Взбешенный, он поднялся в свой кабинет. Отхлебнул большой глоток водки. Посмотрел в окно на бескрайний город: одинаковые плоские крыши, среди которых тут и там высились лебединые шеи церковных куполов. Тут он вспомнил, что у него еще есть телефон. Он позвонил раз и приказал позвать Психа.
— Майор, вашим неприятностям скоро конец, — сказал он. — Повезем гроб в кинотеатр. Я уже все уладил. Нас ждут.
— В кинотеатр? — удивился Арансибия. — Президенту такая новость не понравится.

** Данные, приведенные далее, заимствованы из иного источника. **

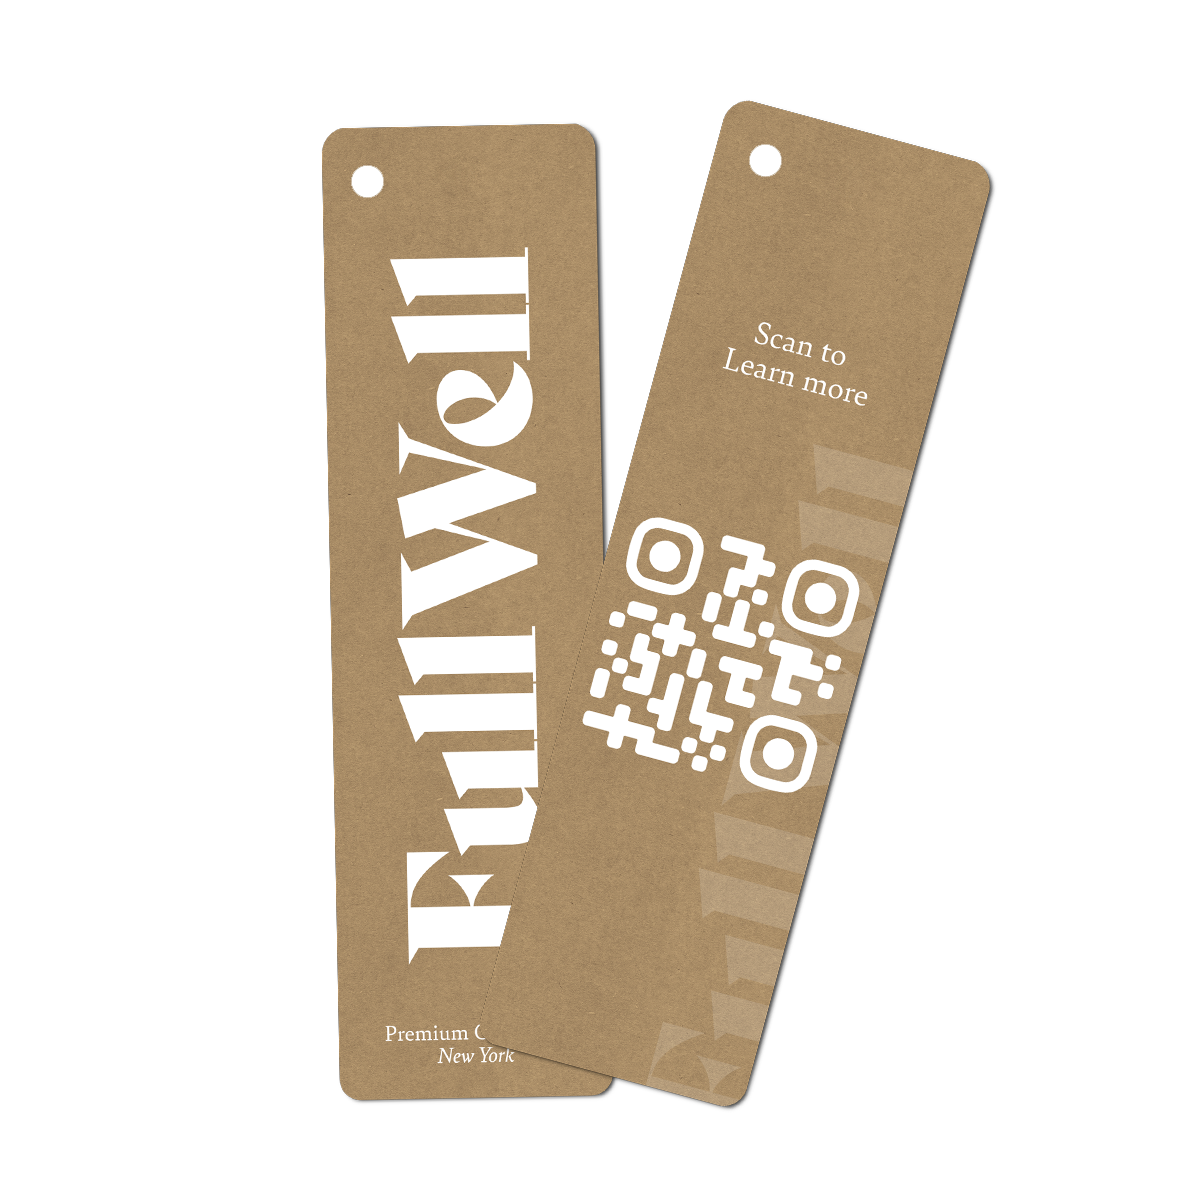 17-creative-ways-to-use-a-qr-code-on-your-packaging

— Президент ничего не узнает. Он думает, что мы Ее уже похоронили на Монте-Грандо.
— Когда повезем?
— Прямо сейчас. Надо действовать быстро. Скажите Галарсе и Фескету, чтобы приготовились. На сей раз будем работать сами.

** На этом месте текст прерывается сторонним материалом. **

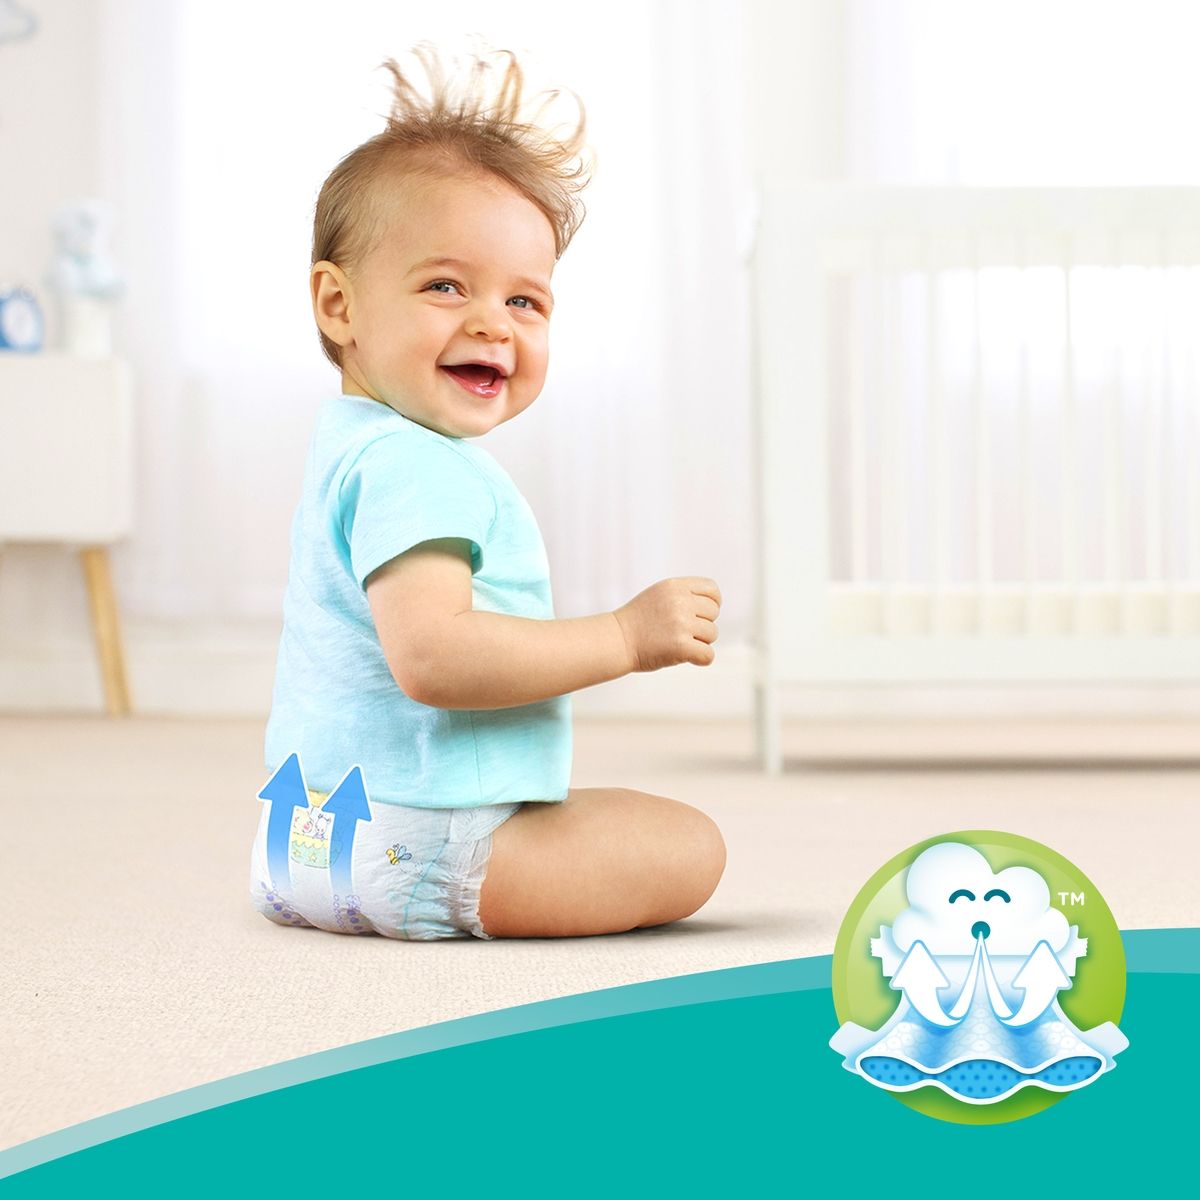 Pampers  Active Baby-Dry 9-16  ( 4+) 62

— Сами? — переспросил Псих. Вся эта ситуация казалась бредом, в котором соединяется несоединимое. — Это же кинотеатр, мой полковник, общественное место. Где мы там Ее поместим?
— На виду у всех, — высокомерно сказал Моори, — позади экрана. Разве не этого Она хотела? Поехала в Буэнос-Айрес искать себе роль в каком-нибудь фильме. Так? Теперь Она будет во всех фильмах.
— Позади экрана, — повторил Арансибия. — Никто и вообразить не сможет. В какой кинотеатр?
Полковник ответил не сразу. Он смотрел на пурпурное небо.
— «Риальто», — сказал он. — В Палермо[69]. Директор там отставной офицер разведки. Я спросил его, что там есть позади экрана. Только крысы да паутина.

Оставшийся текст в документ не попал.